Von Holden guardó silencio.
Era increíble cómo los americanos se deleitaban en el habla vulgar, cualquiera que fuera su condición social.
– Señor Goetz -dijo Scholl suavemente-. Explíqueme por qué tendré que vérmelas con toda la Policía Federal. ¿Qué dirían ellos para inculparme? Que un hombre de mediana edad recuperado de una grave enfermedad lee un discurso que suena a arenga pero que igual es aburrido ante un centenar de personas más o menos adormecidas y amables en el palacio de Charlottenburg. Después todos vuelven a casa. Alemania es un país libre y sus ciudadanos pueden hacer y creer lo que quieran.
– Pero usted sigue teniendo a tres polis y un médico fiambres que, para empezar, son los que embarcaron a la policía en esto. ¿Qué cono cree que van a hacer? ¿Dejarlo correr?
– Señor Goetz, los individuos de los que hablamos, al igual que usted, Von Holden o yo mismo, se encuentran en una gran ciudad de Europa llena de personas ambiciosas y sin escrúpulos. Antes de que acabe el día, el inspector McVey y sus amigos se encontrarán en una situación que no podrán relacionar con la Organización. Cuando las autoridades vuelvan a investigar, les sorprenderá descubrir que estos ciudadanos aparentemente respetables tienen, en realidad, pasados sórdidos plagados de secretos oscuros y muy privados que hasta ahora permanecían ocultos a los ojos de sus compañeros de trabajo y de sus familias. Esto quiere decir, en suma, que no son ellos los hombres más indicados para señalar con dedo acusador a personas como yo o como cualquiera de los cien amigos y ciudadanos más respetados de Alemania salvo, por supuesto, que sea con fines de lucro personal, por ejemplo a través del chantaje y la extorsión. ¿No crees que tengo razón, Pascal?
– Desde luego -dijo Von Holden asintiendo.
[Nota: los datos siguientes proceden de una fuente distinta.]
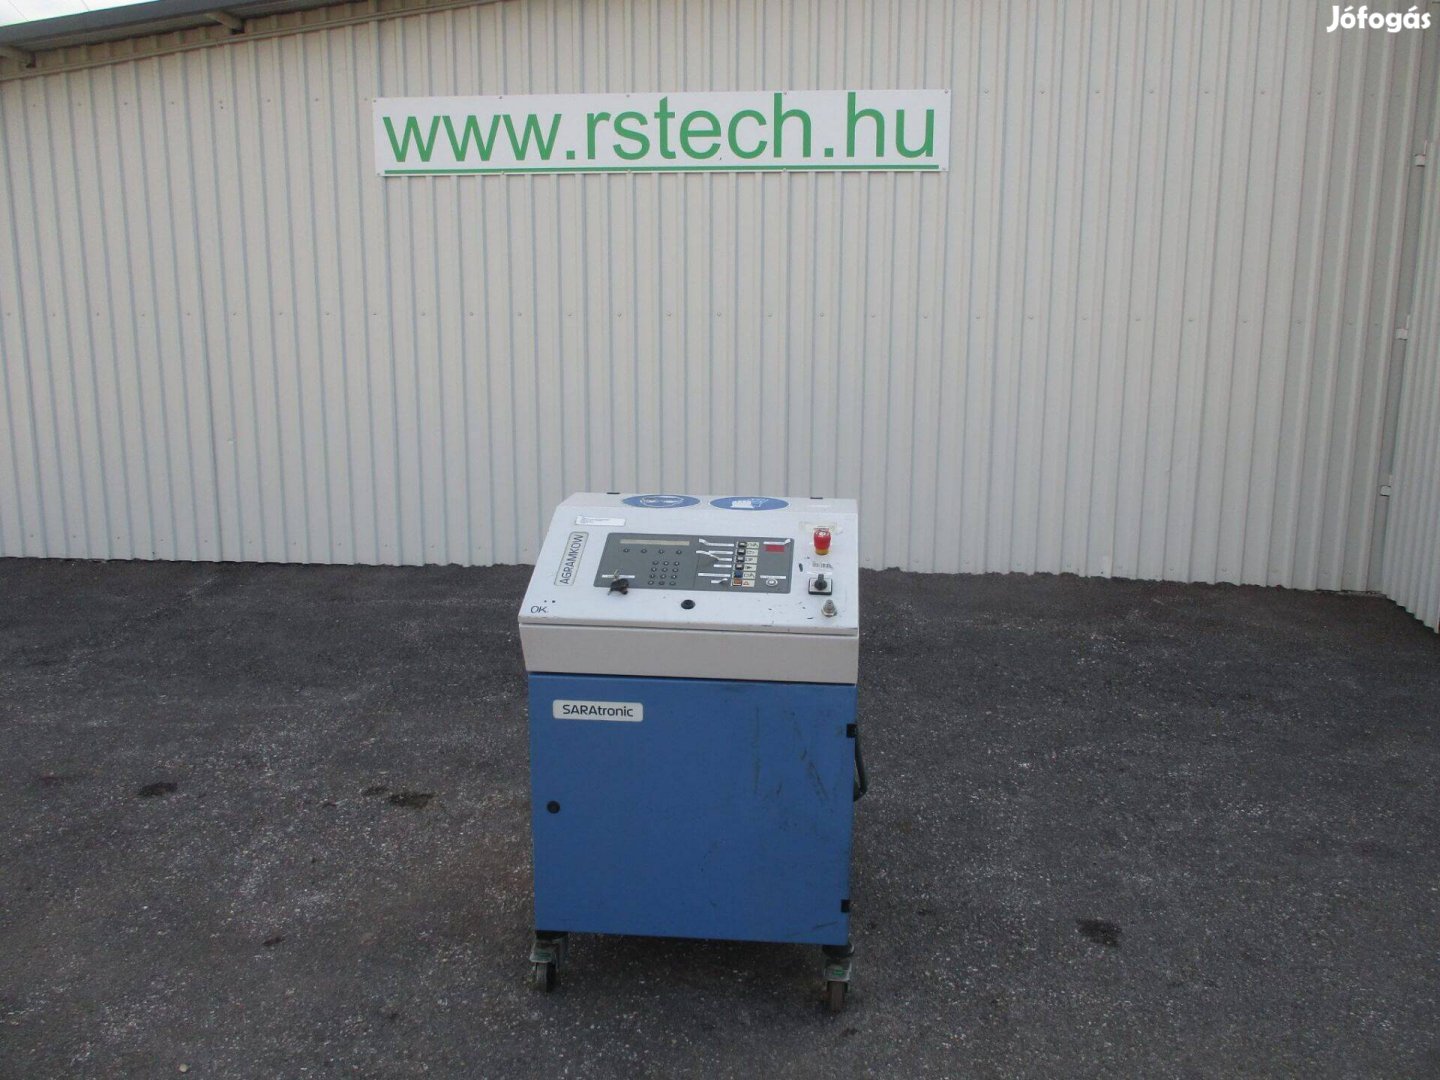 Klíma hűtőközeg töltőgép Klímatöltő készülék Agramkov 134a (2709)

El aislamiento y ejecución de McVey, Osborn, Noble y Remmer le incumbía a él. Del resto se ocuparían las secciones operativas de Los Ángeles, Frankfurt y Londres.
– Como puede ver, señor Goetz, no tenemos de qué preocuparnos. Nada en absoluto. De modo que, salvo si piensa que he omitido algo que valga la pena discutir, preferiría volver al tema de nuestra adquisición de la productora.
Sonó el teléfono de Scholl y éste levantó el auricular.
Escuchó un rato y luego miró a Goetz sonriendo. -Desde luego que sí -dijo-. Siempre estoy disponible para el cardenal O'Connel.